Mirzaei Salehabadi Sedigheh, Sengupta Debasis
Applied Statistical Unit, Indian Statistical Institute, Kolkata, 700108, India.
Lifetime Data Anal. 2016 Oct;22(4):473-503. doi: 10.1007/s10985-015-9345-9. Epub 2015 Sep 21.
In a cross-sectional observational study, time-to-event distribution can be estimated from data on current status or from recalled data on the time of occurrence. In either case, one can treat the data as having been interval censored, and use the nonparametric maximum likelihood estimator proposed by Turnbull (J R Stat Soc Ser B 38:290-295, 1976). However, the chance of recall may depend on the time span between the occurrence of the event and the time of interview. In such a case, the underlying censoring would be informative, rendering the Turnbull estimator inappropriate. In this article, we provide a nonparametric maximum likelihood estimator of the distribution of interest, by using a model adapted to the special nature of the data at hand. We also provide a computationally simple approximation of this estimator, and establish the consistency of both the original and the approximate versions, under mild conditions. Monte Carlo simulations indicate that the proposed estimators have smaller bias than the Turnbull estimator based on incomplete recall data, smaller variance than the Turnbull estimator based on current status data, and smaller mean squared error than both of them. The method is applied to menarcheal data from a recent Anthropometric study of adolescent and young adult females in Kolkata, India.
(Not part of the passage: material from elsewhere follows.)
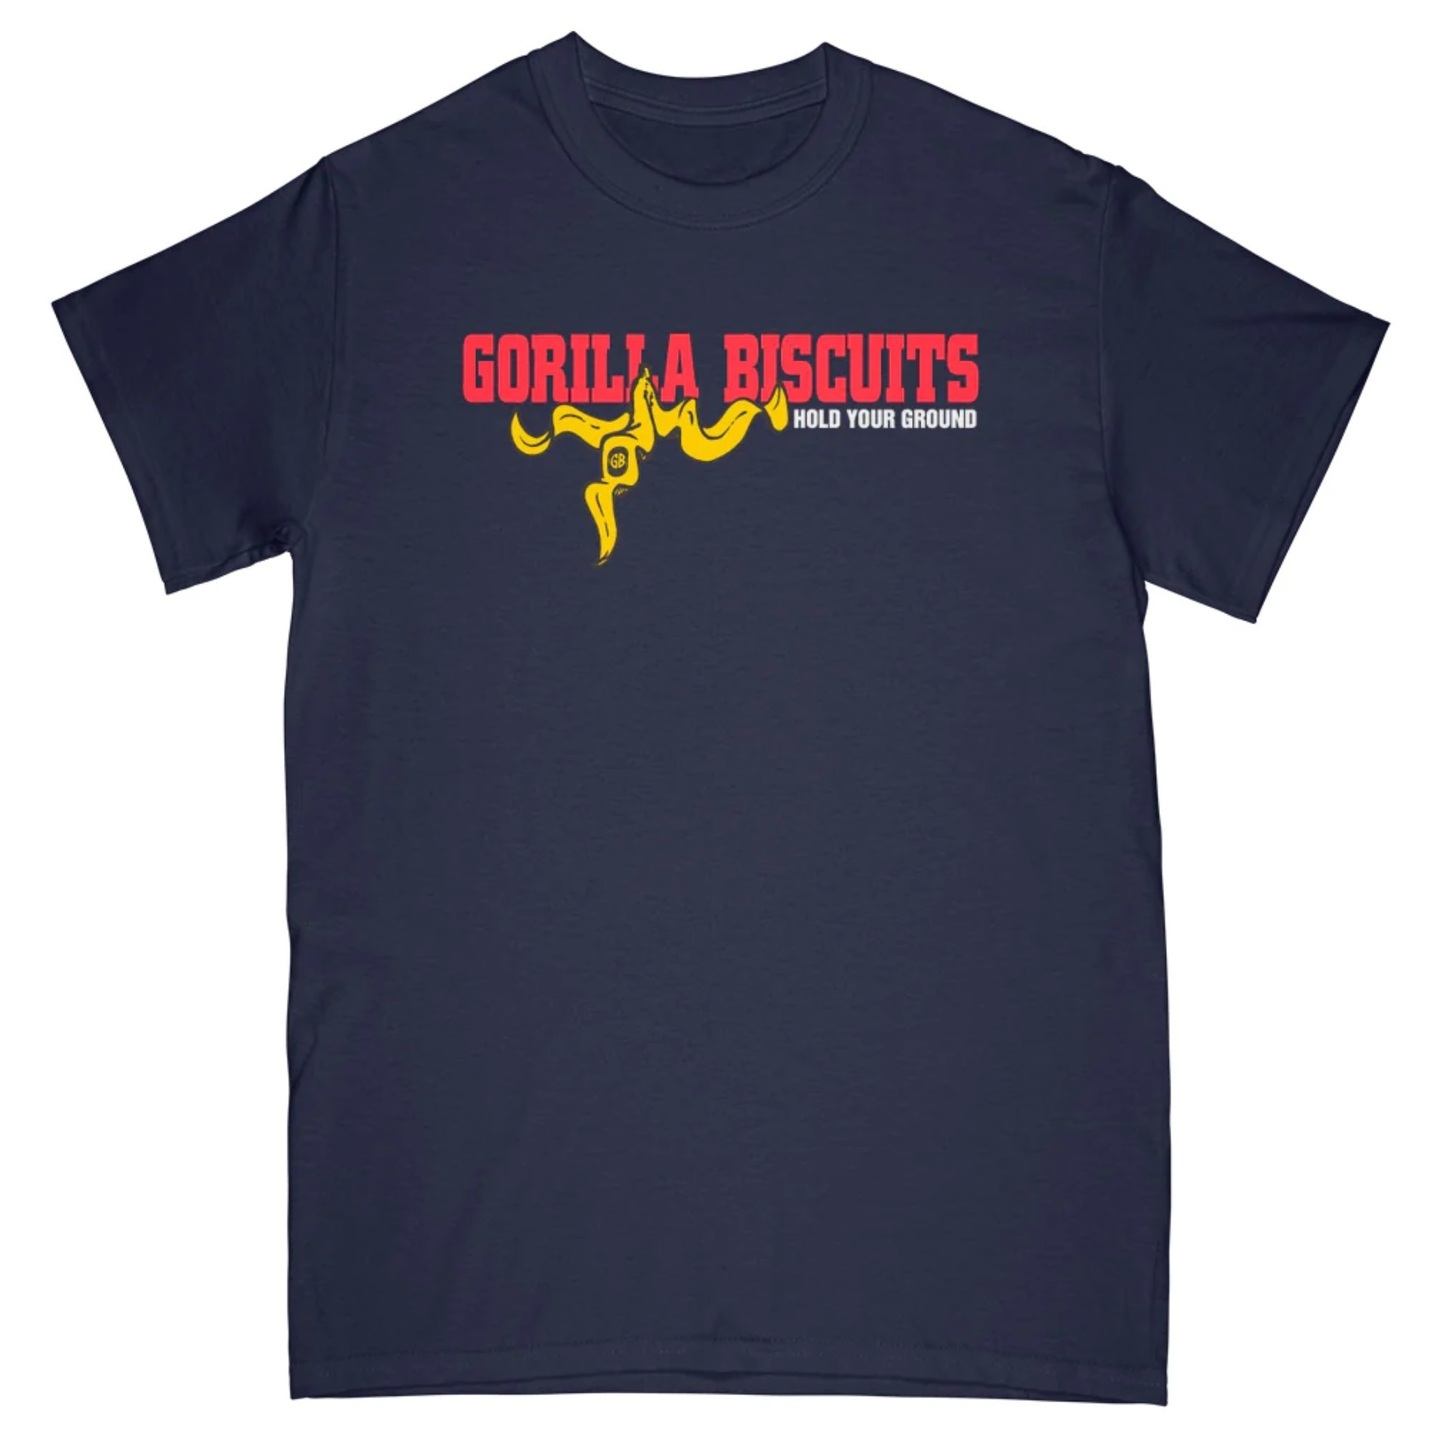 GORILLA BISCUITS - Hold Your Ground Navy

在一项横断面观察研究中,事件发生时间分布可从当前状态数据或事件发生时间的回忆数据中估计。在这两种情况下,都可将数据视为区间删失数据,并使用Turnbull(《皇家统计学会会刊B辑》38:290 - 295,1976)提出的非参数最大似然估计量。然而,回忆的可能性可能取决于事件发生与访谈时间之间的时间跨度。在这种情况下,潜在的删失将是信息性的,使得Turnbull估计量不适用。在本文中,我们通过使用适合手头数据特殊性质的模型,提供了感兴趣分布的非参数最大似然估计量。我们还提供了该估计量的一个计算简单的近似值,并在温和条件下建立了原始版本和近似版本的一致性。蒙特卡罗模拟表明,所提出的估计量比基于不完全回忆数据的Turnbull估计量偏差更小,比基于当前状态数据的Turnbull估计量方差更小,且比这两者的均方误差都更小。该方法应用于印度加尔各答近期一项青少年和年轻成年女性人体测量研究中的初潮数据。